SEO, AEO, and GEO Explained: What Canadian Small Business Owners Actually Need to Know
There are now three ways people find your business online: through traditional Google results (SEO), through AI-generated answers on Google itself (AEO), and through AI tools like ChatGPT and Perplexity (GEO). You don't need three separate strategies. The good news is that the work overlaps heavily, and small businesses can compete with the big guys in ways that weren't possible before.
- SEO is how you show up in traditional Google search results. It still matters and forms the foundation for everything else.
- AEO (Answer Engine Optimization) is about getting your content into the AI-generated answers that now appear on nearly half of all Google searches.
- GEO (Generative Engine Optimization) is about getting cited by AI tools like ChatGPT and Perplexity, which are becoming a meaningful source of website traffic.
- You don't need to be a big brand to show up in AI answers. Research suggests the majority of sources AI tools cite aren't even in Google's top 10 results.
- The practical tactics for all three overlap roughly 80%, so improving one tends to improve the others.
The Search Game Changed While You Weren't Looking
Try this right now. Open Google and search for something like "best way to remove ice from a driveway." A year or two ago, you would have seen a list of blue links to websites. Today, you'll probably see something different: a big AI-generated summary sitting right at the top of the page, answering your question before you click on anything.
That's called an AI Overview. It now shows up on nearly half of all Google searches. According to a year-long tracking study, AI Overviews appeared on about 31% of searches in February 2025 and climbed to 48% by February 2026, a 58% increase in twelve months. For certain industries, the numbers are more dramatic. Restaurant-related searches trigger AI answers 78% of the time. Education queries hit 83%.
If you run a small business, that matters a lot.
When Google answers someone's question right there on the search page, a lot of people never click through to any website at all. Ahrefs, one of the most respected names in search analytics, studied 300,000 keywords and found that AI Overviews reduce clicks to the top-ranking website by about 58%. That's more than half your potential visitors, gone. At the same time, a growing number of people are skipping Google entirely, asking AI tools like ChatGPT and Perplexity their questions instead. Gartner, the global research firm, predicted in early 2024 that traditional search engine volume would drop 25% by end of 2026. At the time, some people called that aggressive. The data so far suggests they were directionally right.

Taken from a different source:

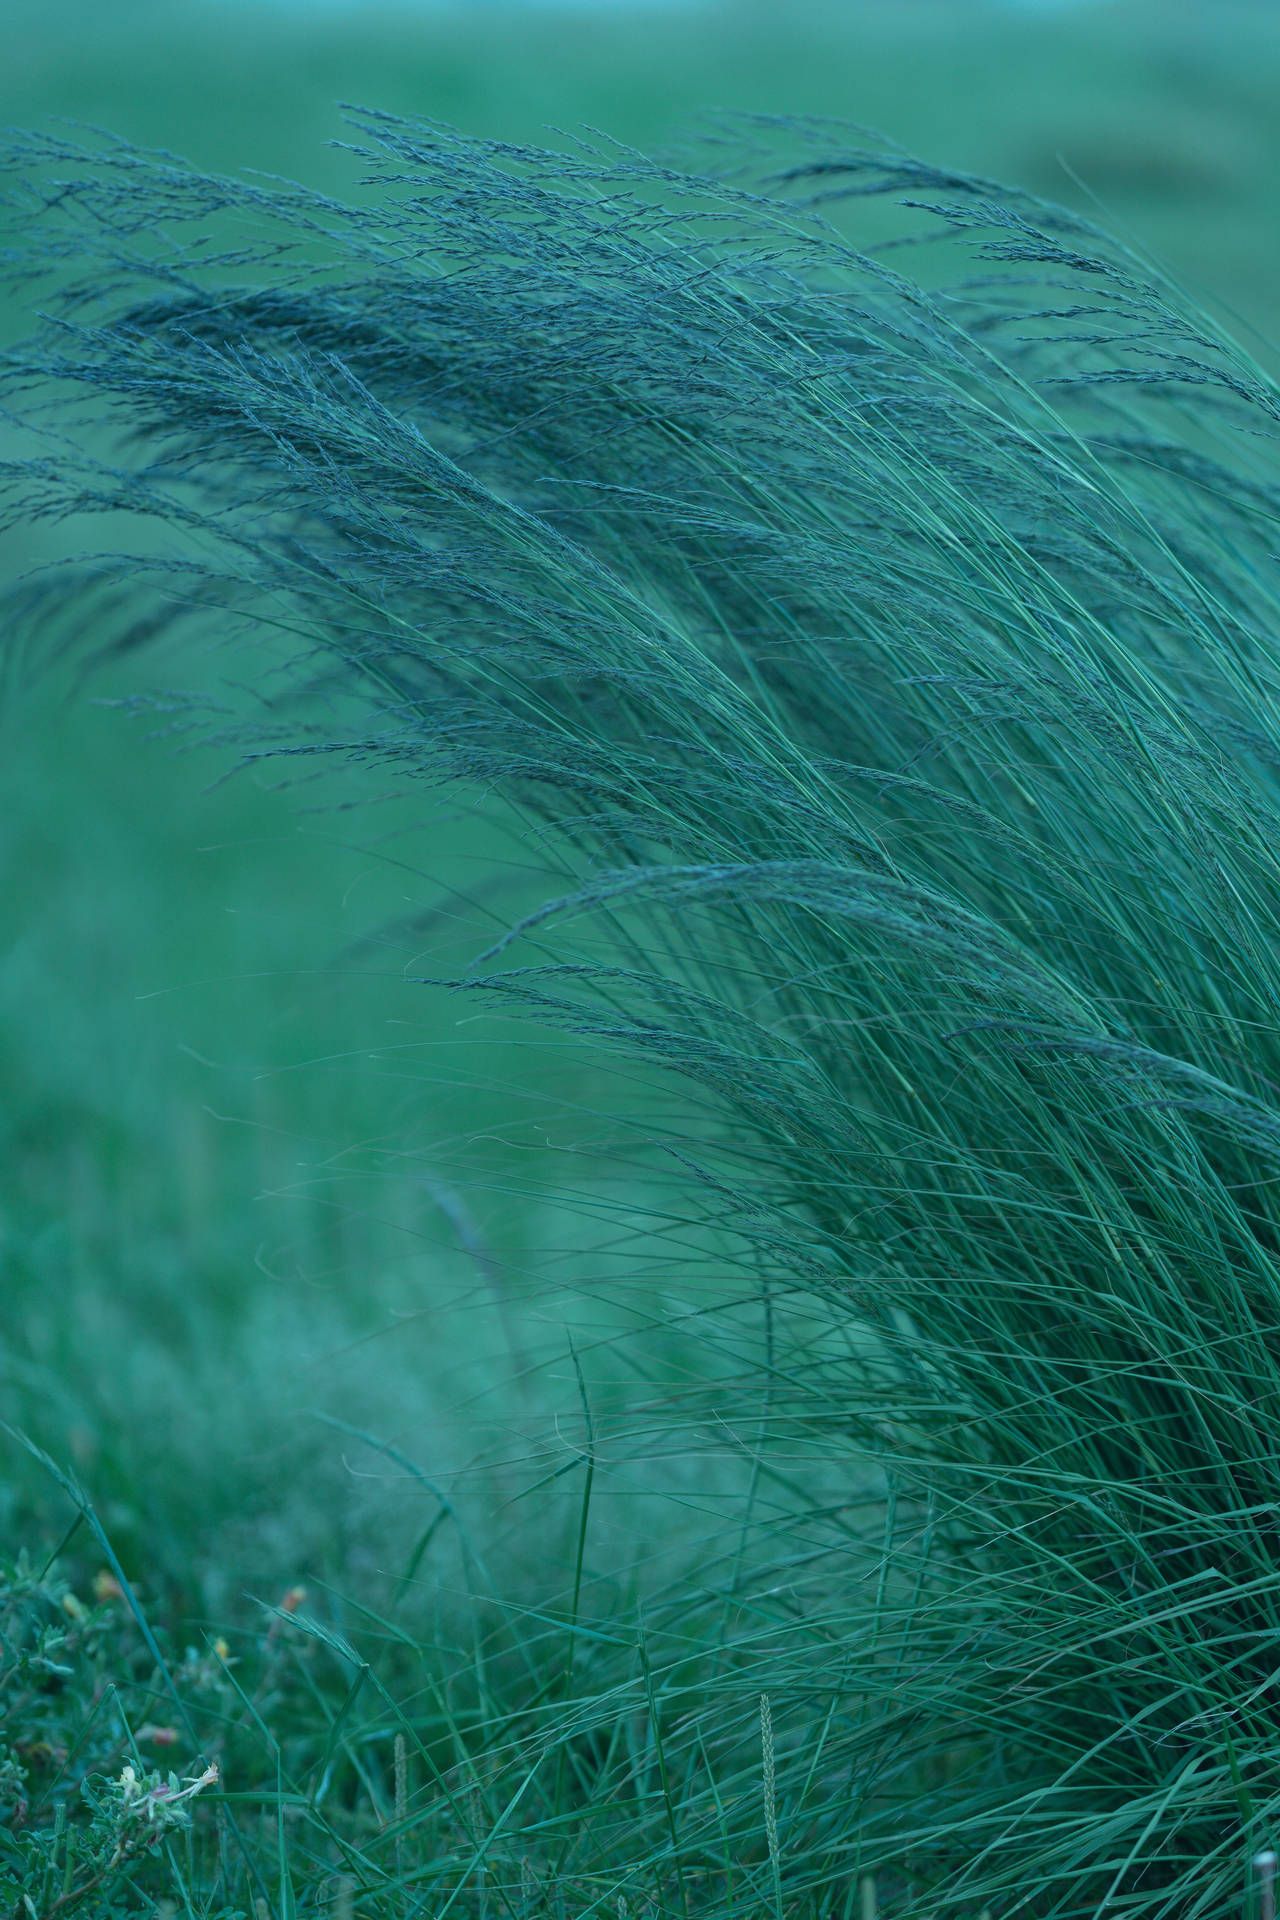 A close up of tall grass in a field. - Dark green

SEO: The One You've Probably Heard Of
SEO stands for Search Engine Optimization. It's the practice of making your website show up when people search for things on Google. In Canada, Google handles over 92% of all search traffic according to StatCounter's 2025 data, so when we say "search engine," we mostly mean Google. You've probably heard someone tell you that you "need better SEO" or that you should "optimize your site for search." What they mean is: make it easier for Google to understand what your business does so it shows your website to the right people.

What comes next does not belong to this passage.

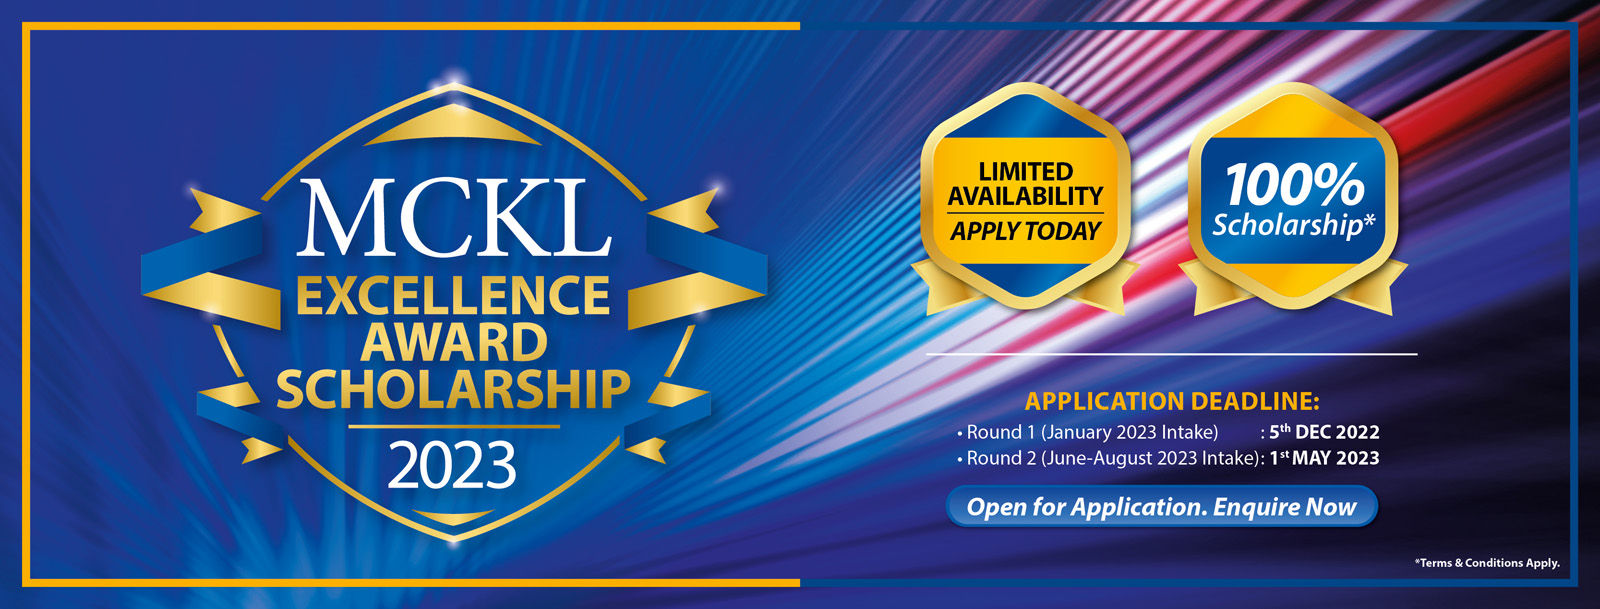 MCKL Excellence Award Scholarship 2023 – applications now open!

The basics haven't changed much. You want clear, well-written content that answers real questions. You want your website to load quickly and work well on phones. You want other reputable websites to link to yours. You want Google to be able to easily crawl and understand your pages. If you've done any work on your website's visibility in the past decade, this is probably what you were doing, whether you called it SEO or not.
SEO is not dead.
Despite all the headlines about AI killing search, traditional Google results still drive the majority of website traffic for most businesses. Semrush, one of the largest SEO data platforms, published research in 2025 showing that people who use AI tools like ChatGPT actually search more on Google, not less. Their data showed total search activity (traditional plus AI) grew 26% year over year. The pond got bigger, but there are more fish competing in it. The traditional slice is shrinking even as the whole pie expands.

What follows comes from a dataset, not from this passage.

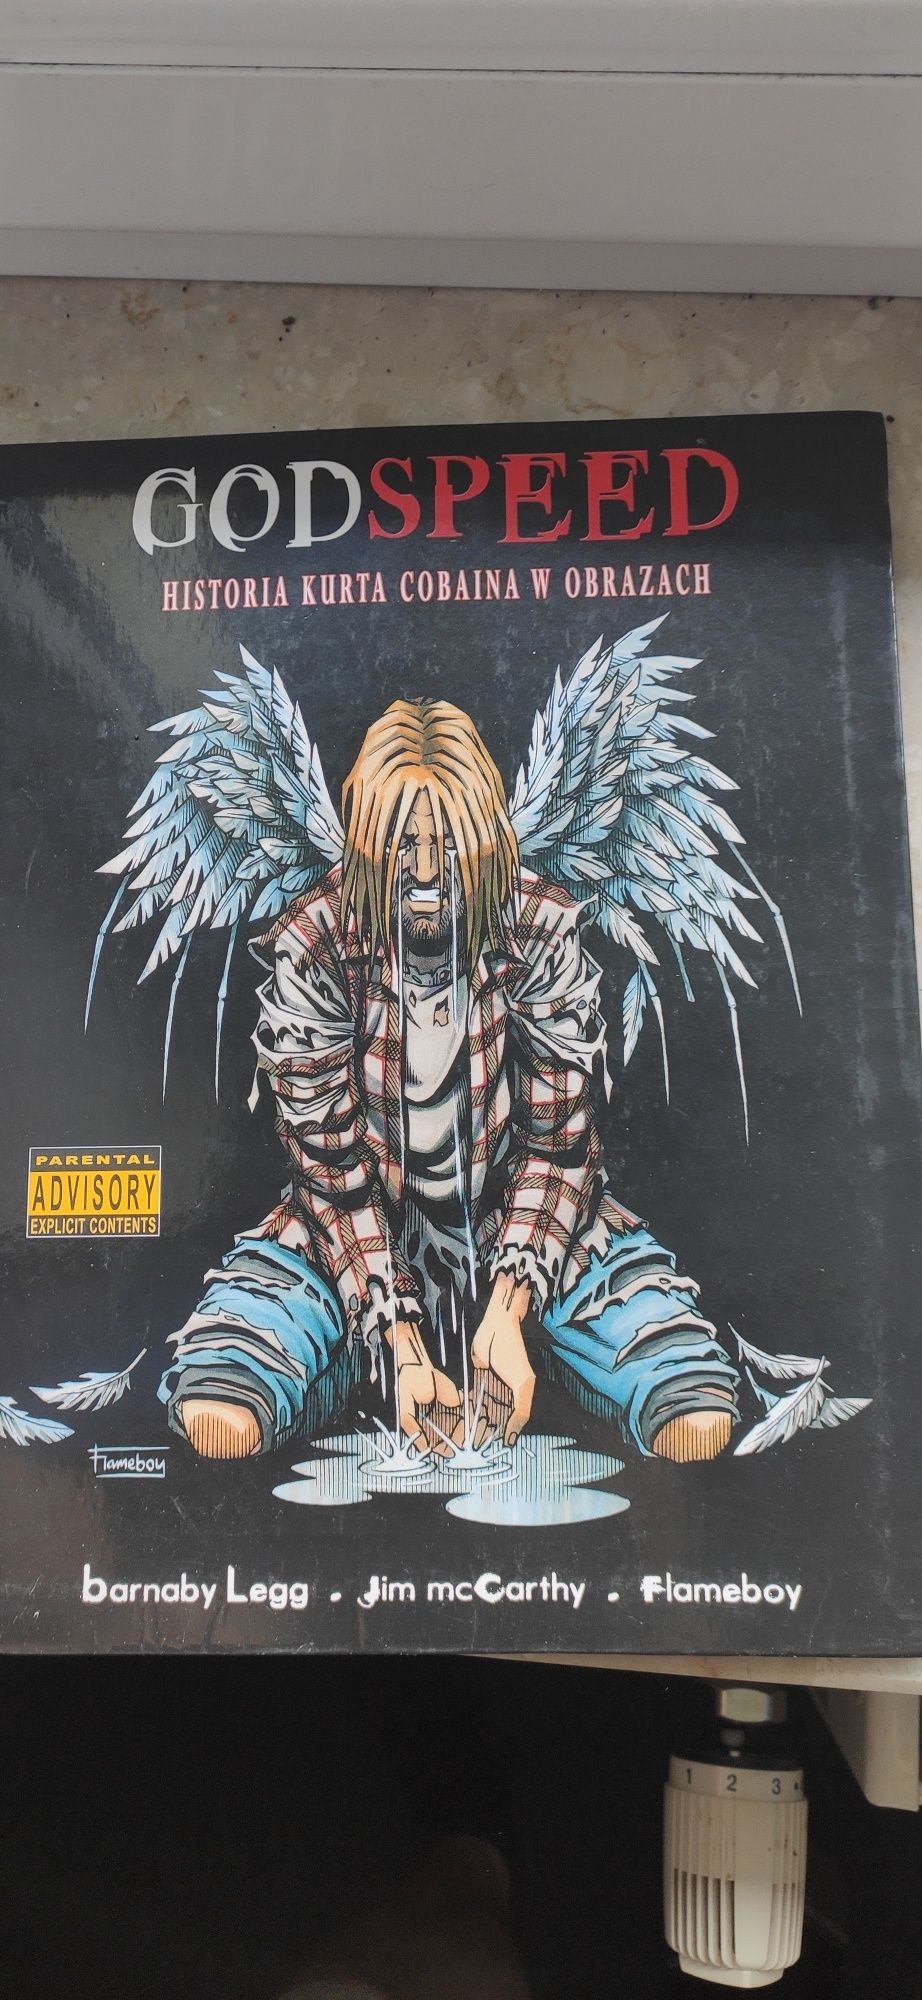 Goodspeed historia Kurta Cobaina w obrazach

SEO is still the foundation. Everything else we're about to talk about builds on top of it.
AEO: Getting Into Google's AI Answers
AEO stands for Answer Engine Optimization. It's about one specific thing: making your content the source that Google's AI uses when it generates those summary answers at the top of search results.
When someone searches "how much does it cost to replace a roof in Ontario," Google's AI doesn't make up an answer from scratch. It pulls information from websites it considers authoritative and trustworthy, then synthesizes a response. If your roofing company has a clear, well-structured page that directly answers that question with real numbers, you have a shot at being the source Google cites. If your website just says "Contact us for a free quote" without any actual information, Google has nothing to pull from.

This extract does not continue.